_Exercise goal_.
Transcribe the lines below exactly, beginning with the line that holds "Irak y Rusia banderas, dos vector banderas" and ending with the final line, both included. Pictures are to be left out.

_The data_.
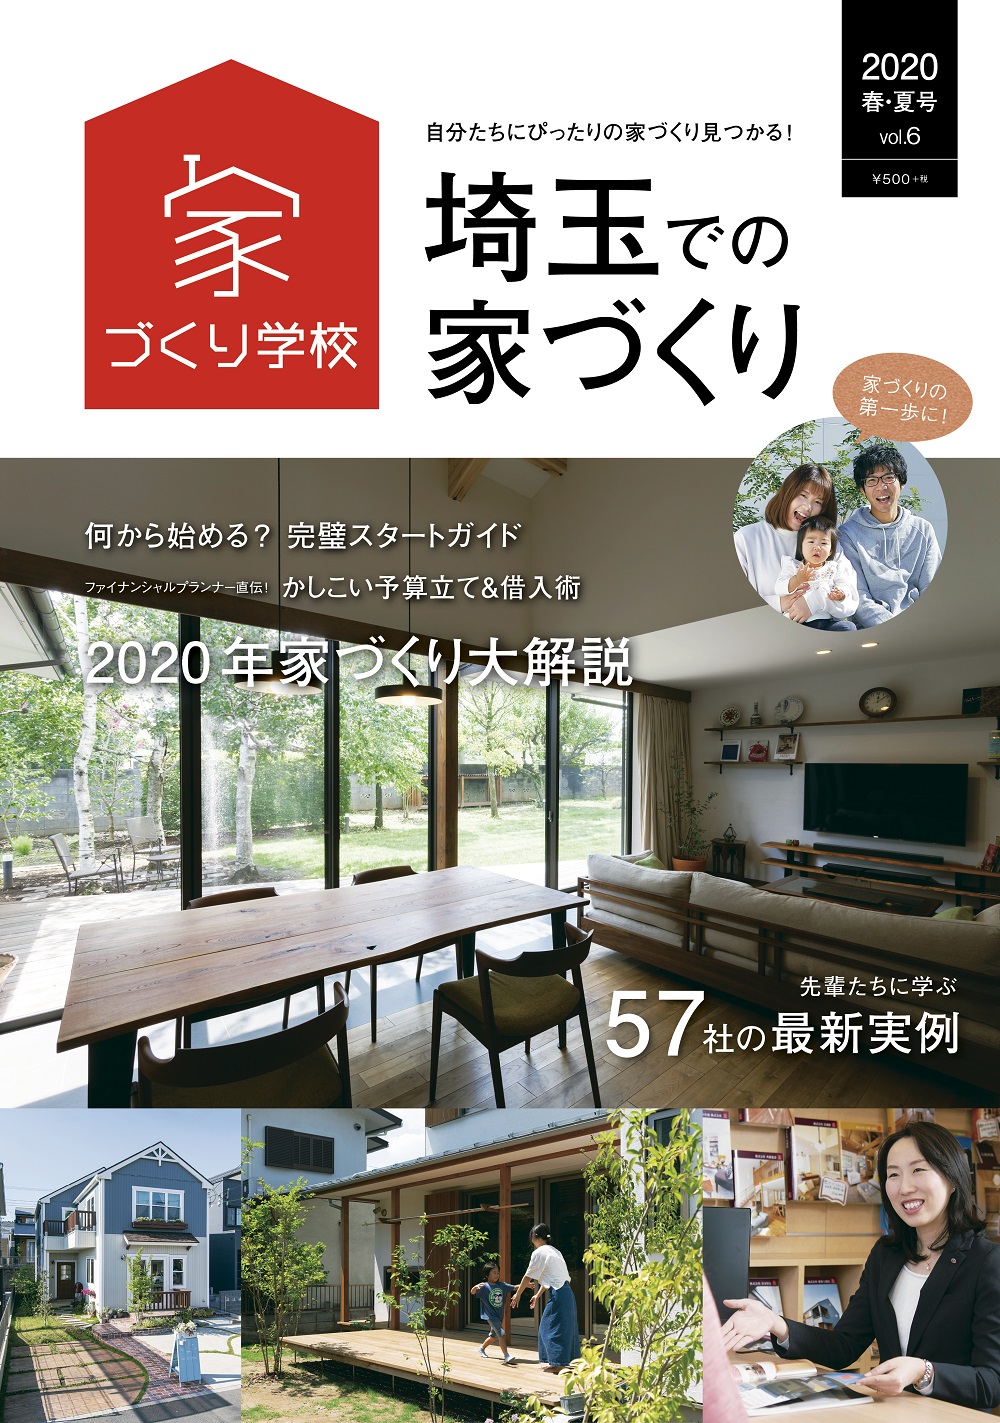 埼玉での家づくりVol.6に掲載されました。
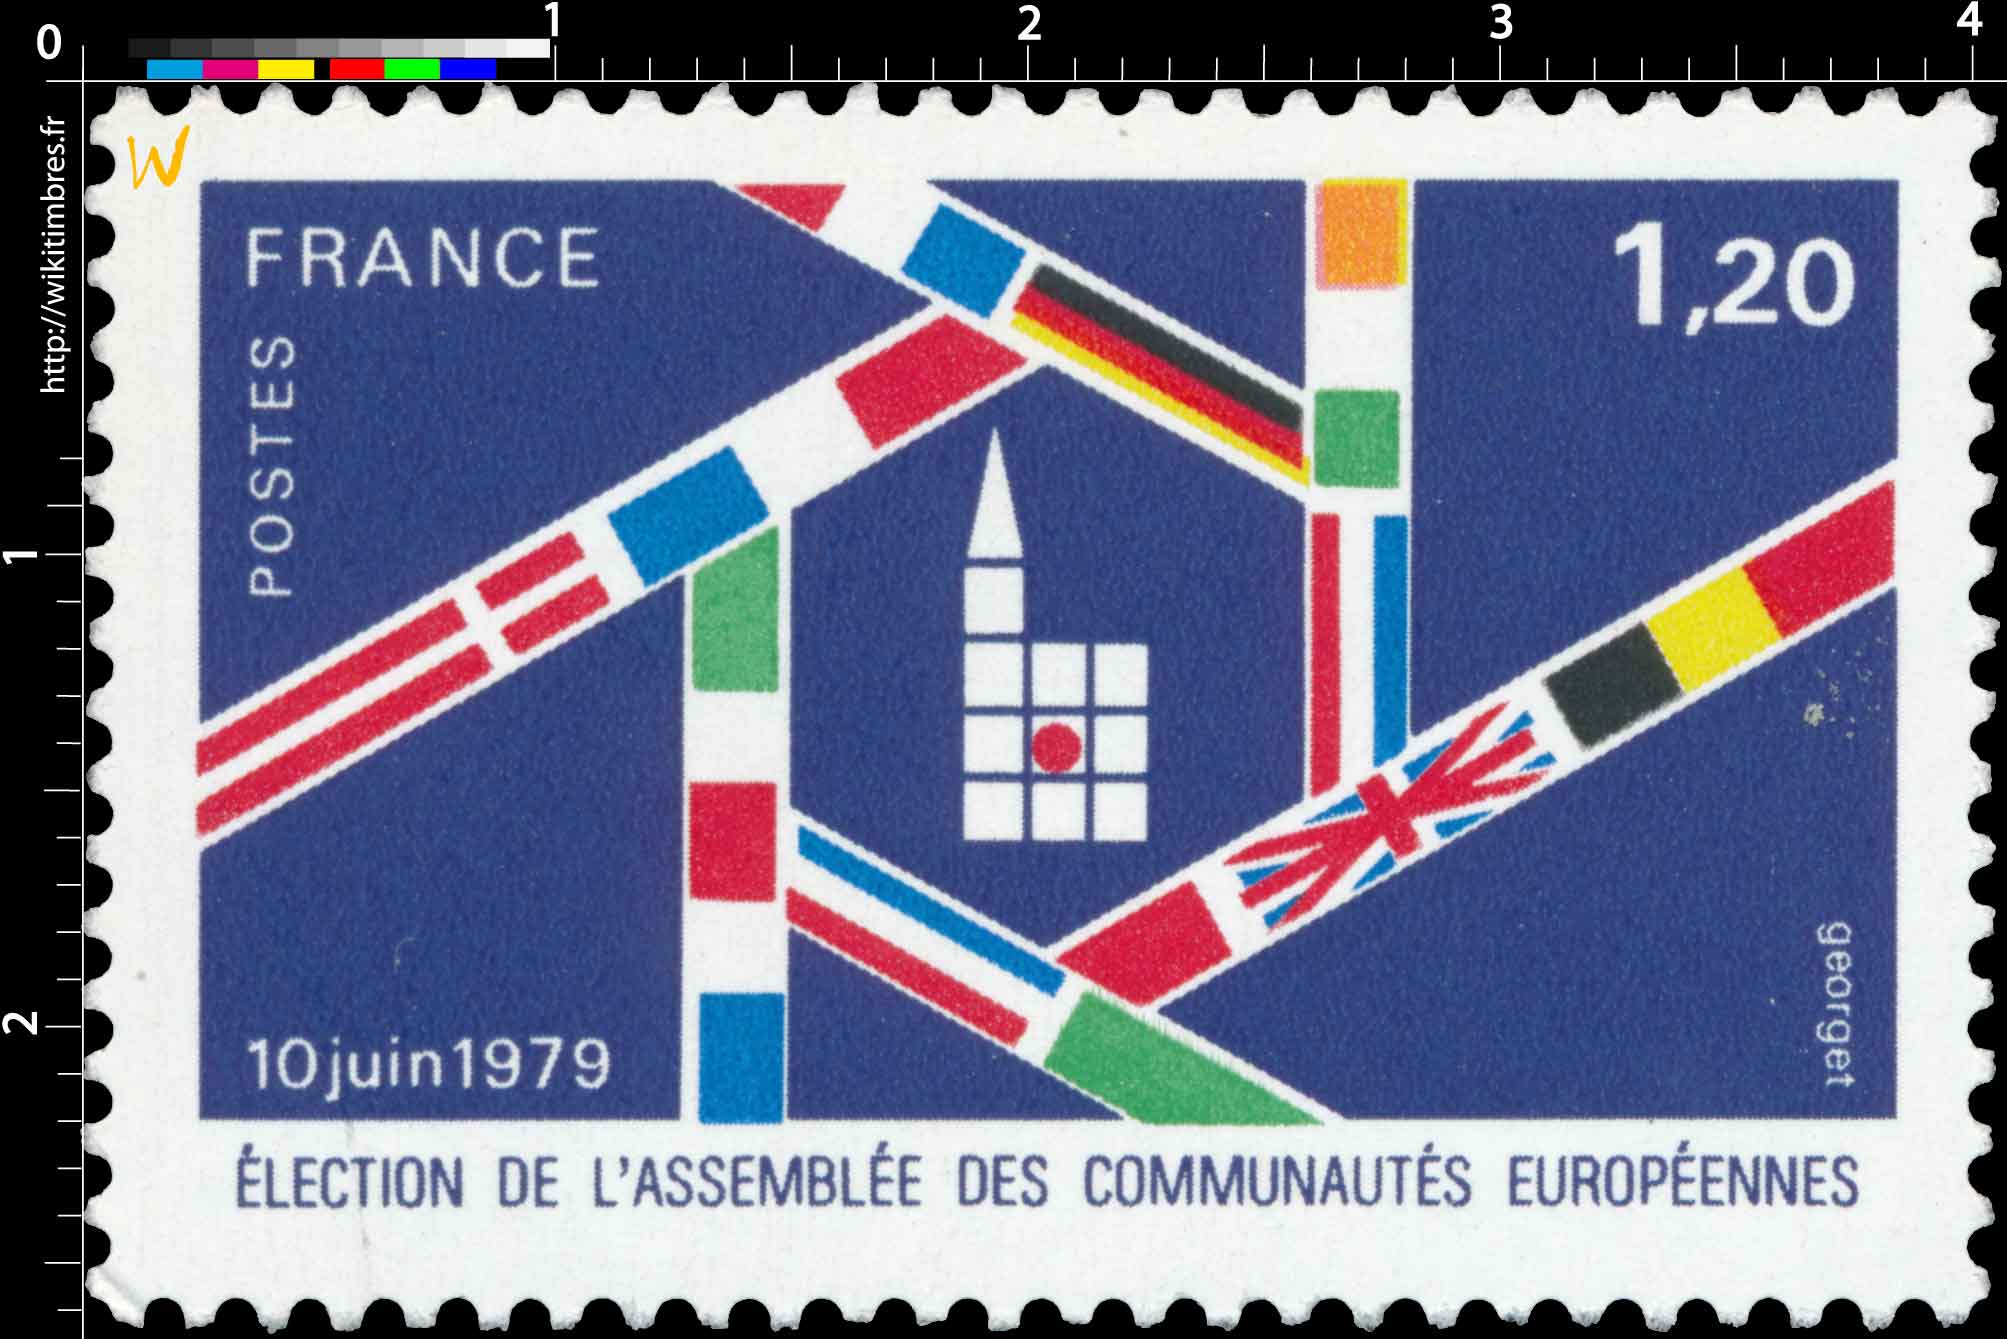 10 juin 1979 ÉLECTION DE L'ASSEMBLÉE DES COMMUNAUTÉS EUROPÉENNES
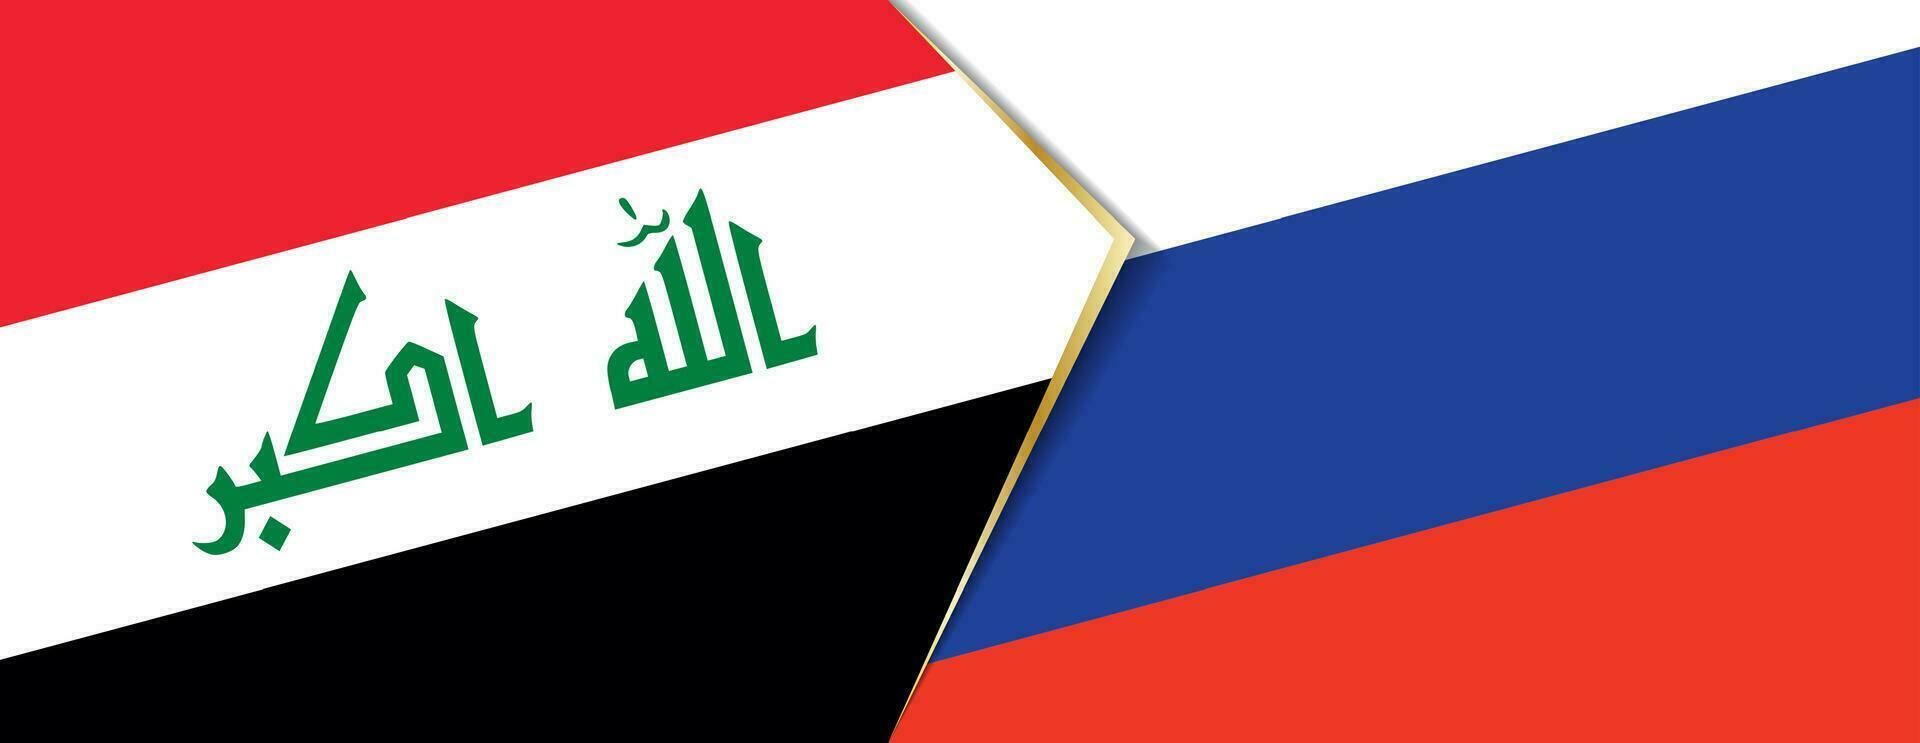 Irak y Rusia banderas, dos vector banderas
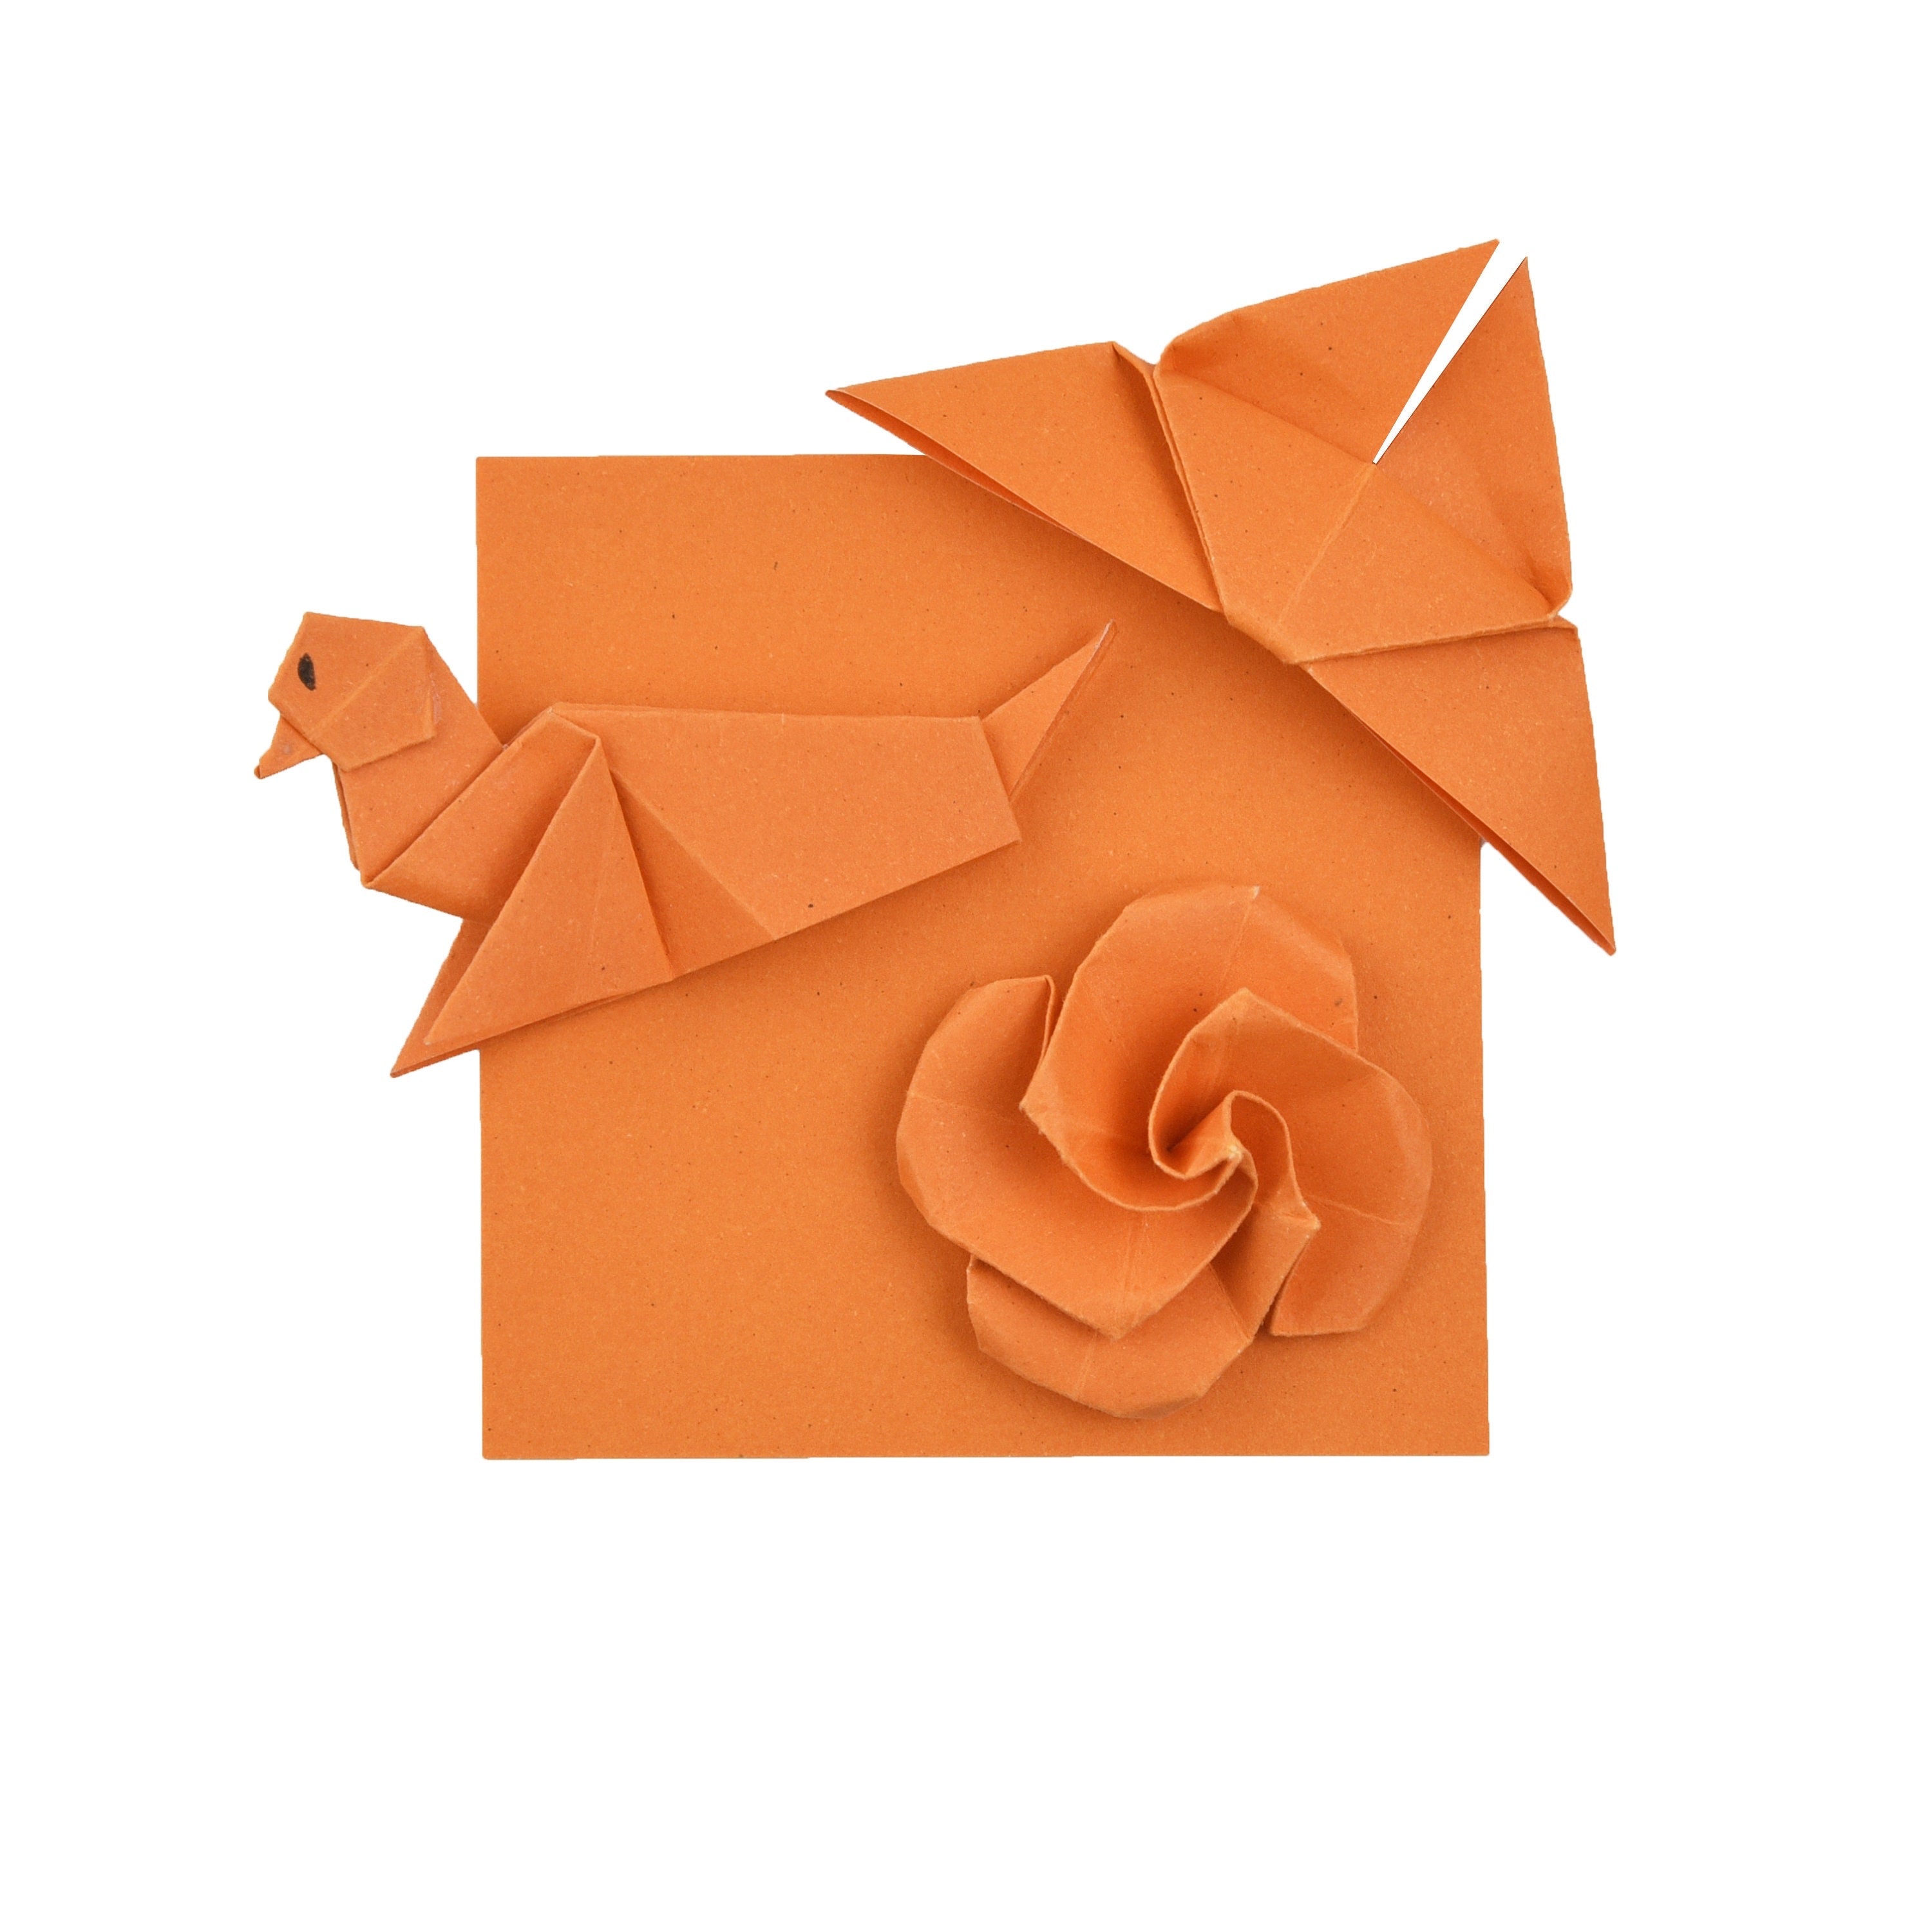 100 Hojas de Papel Origami - 3x3 pulgadas - Paquete de Papel Cuadrado para Plegar, Grullas de Origami y Decoración - S03

_Reply to the exercise_.
 Irak y Rusia banderas, dos vector banderas
 100 Hojas de Papel Origami - 3x3 pulgadas - Paquete de Papel Cuadrado para Plegar, Grullas de Origami y Decoración - S03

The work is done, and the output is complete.